From the aspect of product positioning, most ITIL based platforms have turned out to be rehashs of Trouble Ticketing systems. When you talk to someone about ITIL, they immediately think of HP ITSM or BMC Remedy. Because of the complexity, these systems sometimes takes several months to implement. And nothing is cheap. Some folks resort to open source like RT or OTRS. Others want to migrate towards a different, appliance based model like ServiceNow and ScienceLogic EM7.
The problem is that once you transition out of Netcool, you lose your situation awareness. Its like having a notebook full of pages. Once you flip to page 50, pages 1-49 are out of sight and therefore gone. All hell could break lose and you'd never know.
So, why not implement ITIL in Netcool? May be a bit difficult. Here are a few things to consider:
1. The paradigm that an event has only 2 states is bogus.
2. The concept that there are events and these lead to incidents, problems, and changes.
3. Introduces workflow to Netcool.
4. Needs to be aware of CI references and relationships.
5. Introduces the concept that the user is part of the system in lieu of being an external entity.
6. May change the exclusion approach toward event processing.
7. Requires data storage and retrieval capabilities.

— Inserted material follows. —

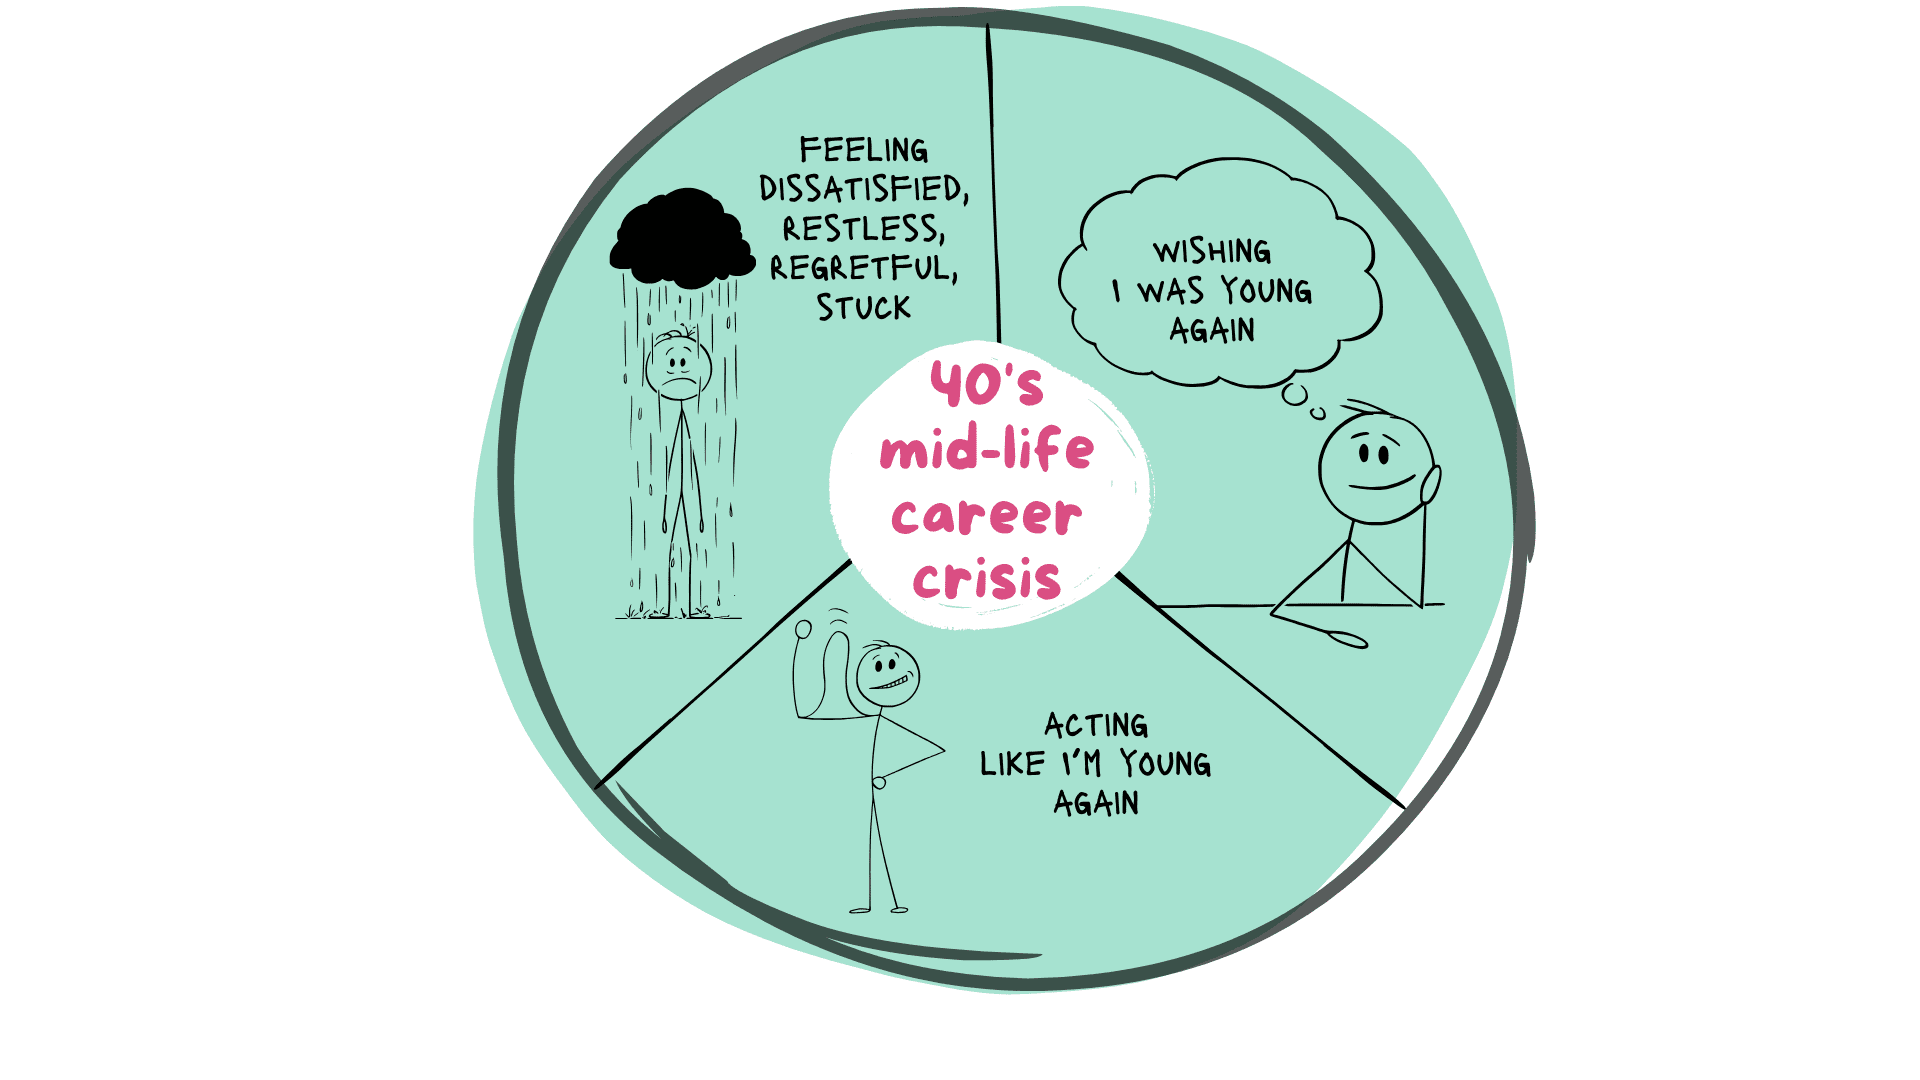 40's mid-life career crisis

From a point of view where you'd like to end up, there are several use cases one could apply. For example:
One could see a situation develop and get solved in the Netcool display over time. As it is escalated and transitioned, you are able to see what has occurred, the workflow steps taken to solve this, and the people involved.
One could take a given situation and search through all of the events to see which ones may be applicable to the situation. Applying a ranking mechanism like a google search would help to position somewhat fuzzy information in proper contexts for the users.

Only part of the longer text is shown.